Last week’s gospel passage told the story of the feeding of the five thousand. This week’s passage begins with Jesus sending the disciples back across the lake while he dismisses the crowd and spends time alone in prayer. And then, in the depth of the night, as the disciples struggle against a head wind, the most amazing thing happens – Jesus walks across the lake towards them.
I am not surprised the disciples were terrified – wouldn’t you be?
The storm is wild, the night is dark, they just want to get to land. And through the dark and the storm comes a figure …walking on the sea. What??

Maybe they had already lamented the fact that Jesus wasn’t with them when the storm started – after all Jesus had already shown them on another occasion that he had the power to still the storm. But the last thing they expected was for Jesus to come and join them in the boat by walking on the water. This is not normal – maybe it is even an evil spirit or something – a sign that something awful is going to happen to them.

And then the figure speaks – it IS Jesus, and he tells them not to be afraid.
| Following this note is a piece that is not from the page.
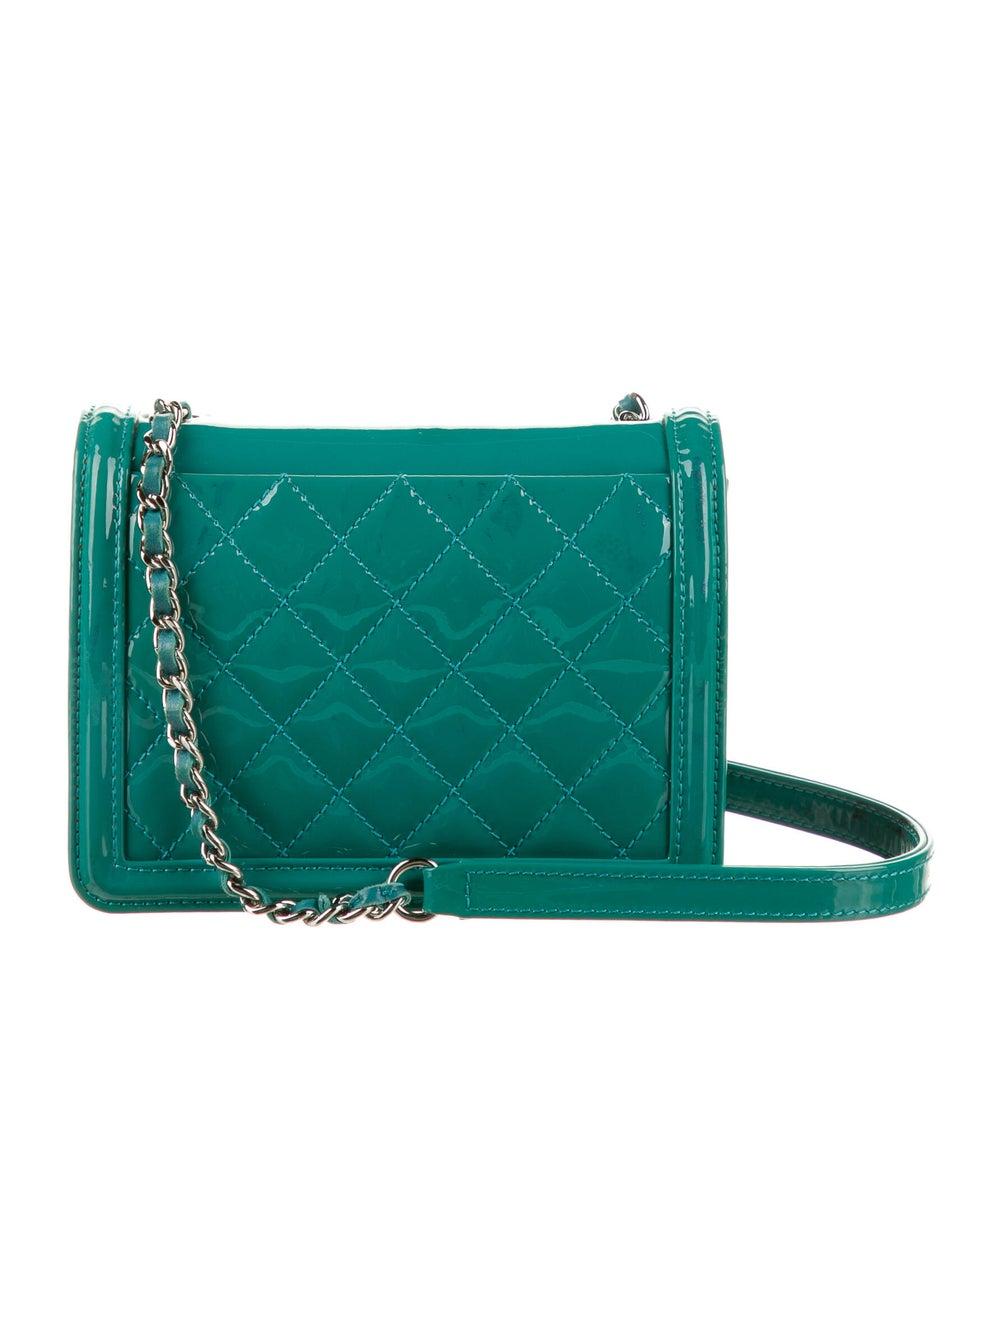 Chanel Boy Brick Flap Bag Blue - image 4

Hearts start to beat a little more normally, and maybe if Jesus is there he will sort the storm out for them, too.

And then Peter does a very strange thing. Peter calls out 'Lord, if it is you, command me to come to you on the water'.
Is Peter genuinely unsure that it is Jesus? But then surely a more natural thing to say would have been 'if it is you come into the boat with us'.
Or is Peter sure now that it is Jesus & is he trying to gain 'top disciple' standing by doing what Jesus does? What is Peter doing?

I can't help comparing this with John's account of the post-resurrection appearance of Jesus on the beach. Remember? After the death & first resurrection appearances of Jesus, the disciples go fishing, and then spot a figure on the beach. John says “it is the Lord” & again it is Peter who is first out of the boat - this time to swim to shore while the others bring the boat in.
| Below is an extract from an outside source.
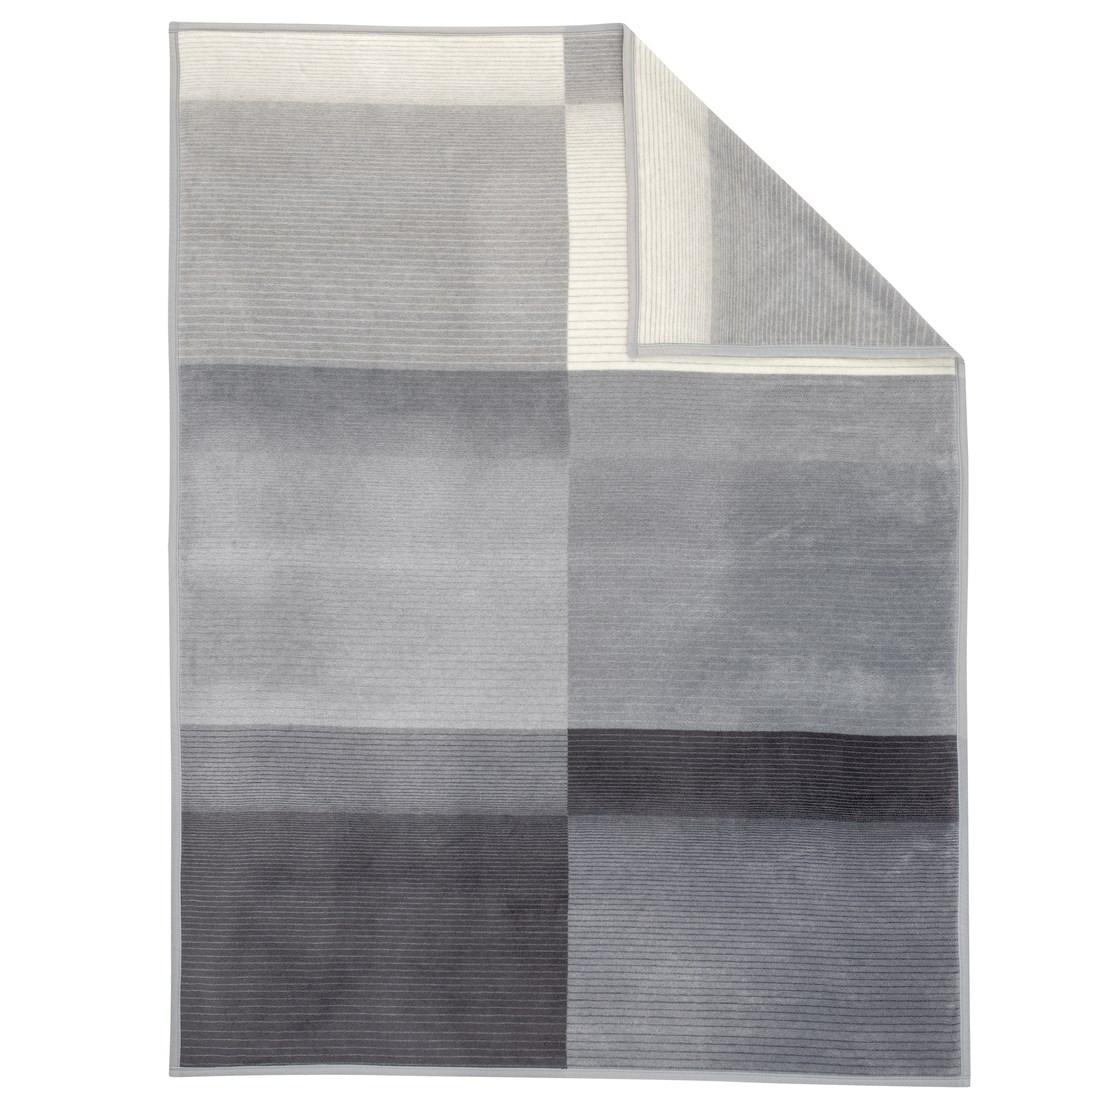 ibena deka granada 1442 800 150 x 200 cm luxusn poste n bielize. Black Bedroom Furniture Sets. Home Design Ideas

Maybe Peter is just impetuous and can’t wait to be with his Lord – putting his friends, the other fishermen, and even the safety of the boat itself to one side in his eagerness to join Jesus.

“Lord, if it is you, command me to come to you”. You have to admire Peter’s loyalty and reckless abandon!
And at first it works: he, too, walks on the water. Then he notices the storm – the high wind, the huge waves – and he is afraid and starts to sink. Peter cries out “Lord, save me!” and Jesus reaches out and catches him and together they get into the boat. Then the oart that perhaps we all remember. Jesus says to peter “Why did you doubt? Oh you of little faith”.

We all like Peter because he is fallible, like us.
In fact only Matthew’s gospel includes this part about Peter in this story – and one suggestion is that Matthew puts Peter there to stand for every disciple of Jesus.

Peter is each one of us.
So what does this story tell us about our following of Jesus? Our faith, our doubt? Our need to call out "Lord, save me!"...
Maybe Peter’s question to Jesus becomes a question to each one of us ‘if it is you..’
If it is you in this story, how are you getting on with following Jesus. If it is you, are you prepared to get out of the security of the boat and risk the storm? If it is you, dare you trust Jesus to help you? If it is you, what do you do when you feel you are sinking?

Here’s good news. The identity of the disciples in this story may be interchangeable – it could be Peter, it could be me, it could be you. But the identity of the one who can help us all is the same. It is Jesus who comes to us when the storm is at its height. It is Jesus who can give us the power to follow him onto the water’s surface. And it is Jesus who will catch us when we fail.